Q : Le rituximab ne semble pas améliorer les résultats autant dans le lymphome du manteau que dans le lymphome folliculaire et, pourtant, il est recommandé dans le traitement du lymphome du manteau, que celui-ci ait déjà été traité ou non. Y a-t-il une raison particulière pour laquelle le groupe considère que le rituximab peut être utile chez ces patients?

R : Le terme «lymphome du manteau» désigne en fait un groupe de lymphomes où se recoupent les pires caractéristiques des lymphomes agressifs et les pires caractéristiques des lymphomes indolents. Ces lymphomes étant à la fois agressifs et incurables, la chimiothérapie standard n’est pas vraiment idéale. On dispose de données concrètes montrant un bénéfice associé au rituximab dans ce contexte, mais elles sont un peu moins concluantes que dans le lymphome agressif; en effet, son ajout prolonge la durée de la réponse dans le lymphome du manteau, mais son effet sur la survie est moins homogène. Par contre, aucune étude n’a montré que le rituximab était nocif. Bref, vu le nombre restreint d’options et une survie plutôt brève, le groupe estimait qu’il devait recommander le rituximab dans le lymphome du manteau même si son effet sur la survie n’est pas tout à fait clair.

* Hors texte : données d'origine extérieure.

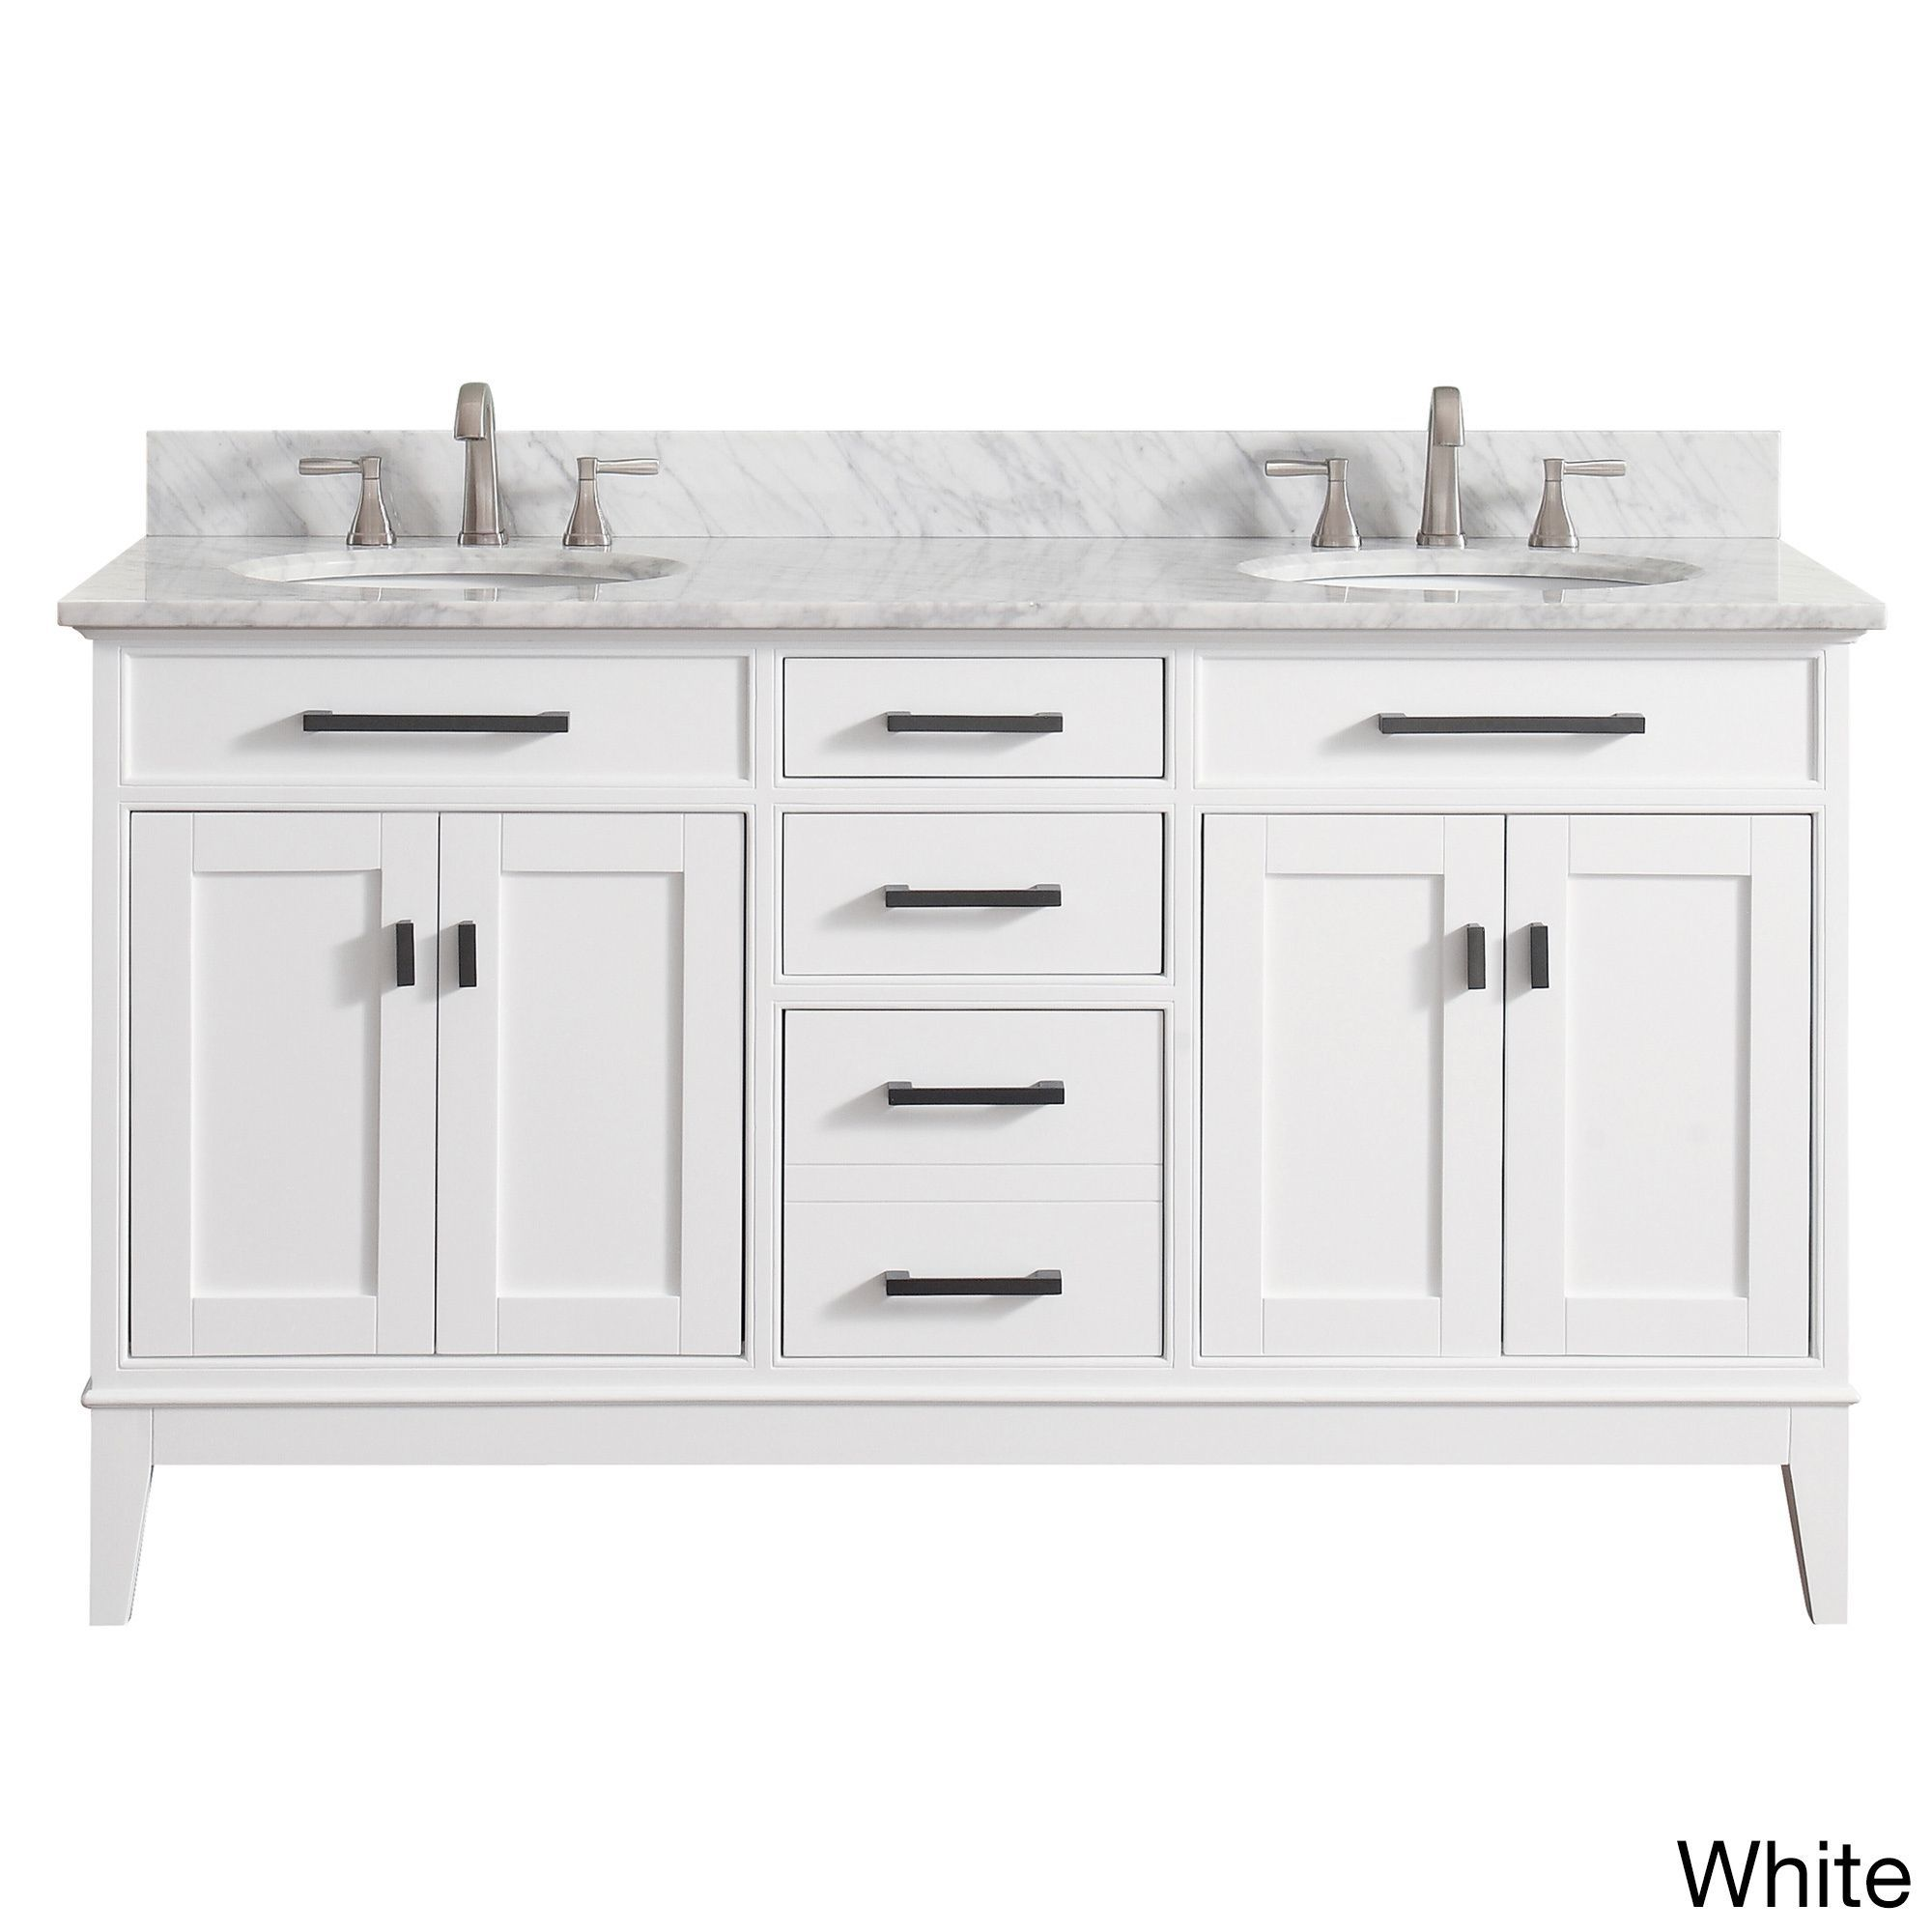 Avanity Madison 61 Inch Double Sink White Finish Vanity Combo Madison 61 In Vanity In White W White Top Size Double Vanities Vanity Sink Beige Marble Double Sink Vanity
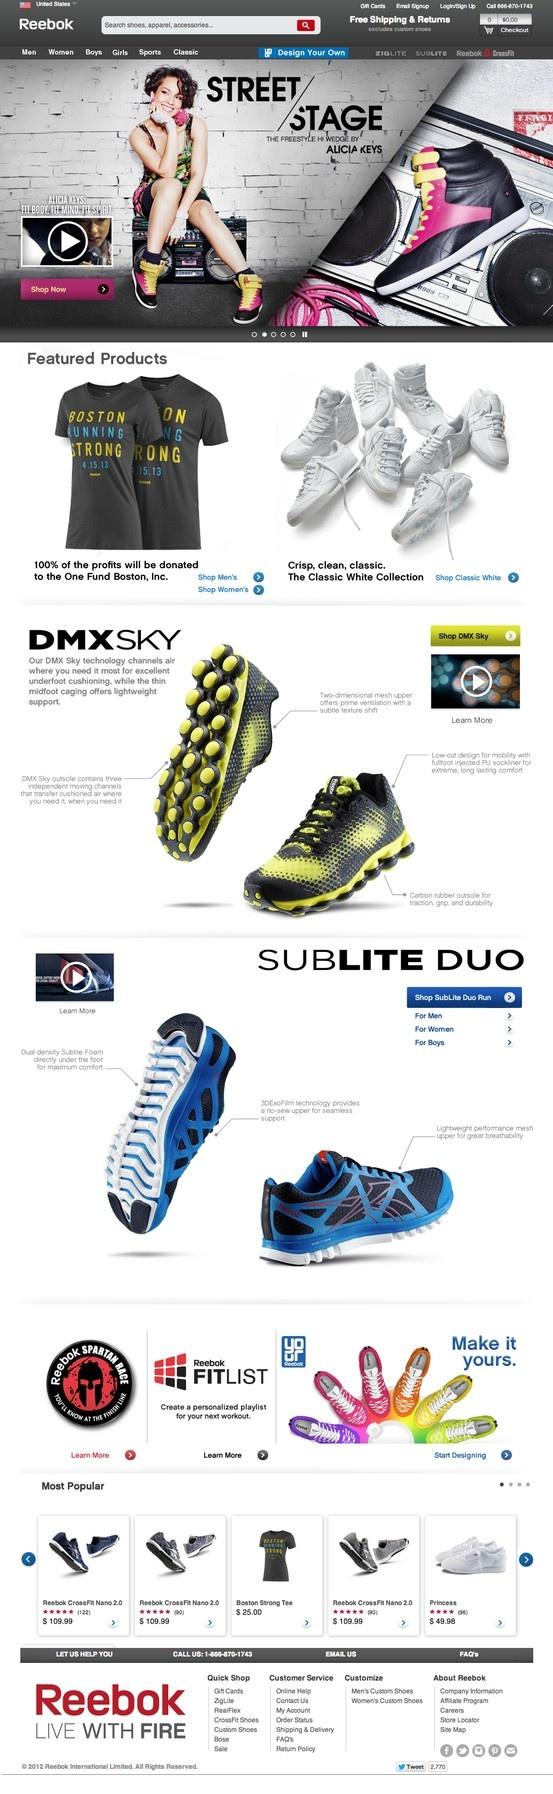 Reebok Footwear & Apparel - Be More Human

Q : Vous indiquez que le rôle du rituximab est «fluide» et «en constante évolution». Y a-t-il de nouvelles utilisations en perspective dans un avenir prochain?

R : Le rituximab est maintenant utilisé comme traitement d’entretien après [le traitement initial du] lymphome indolent, car on a observé un effet favorable sur la survie en l’administrant pendant deux ans [après le traitement initial]; cette pratique est maintenant la norme au Canada. Pour ce qui est de l’avenir, la leucémie lymphoïde chronique, la forme de leucémie la plus courante dans les pays occidentaux, est un élément clé des résultats attendus. Par ailleurs, comme la leucémie aiguë lymphoblastique (LAL) exprime l’antigène CD-20, qui est la cible du rituximab, on verra peut-être un bénéfice. Pour l’instant, aucune donnée probante provenant d’un ECR n’indique que le rituximab pourrait être utile dans la LAL. Les études sont en cours et nous prévoyons avoir une réponse à nos interrogations à court terme. On ne sait pas encore combien de fois on peut réutiliser le rituximab, car la réalisation de ces études est complexe, mais les membres du groupe étaient d’accord à l’unanimité pour dire qu’il serait bête de ne pas offrir le rituximab de nouveau aux patients dont la réponse au rituximab a été bonne et durable la première fois. Si le rituximab s’est déjà révélé efficace, on devrait pouvoir l’utiliser de nouveau en association avec les protocoles de chimiothérapie subséquents.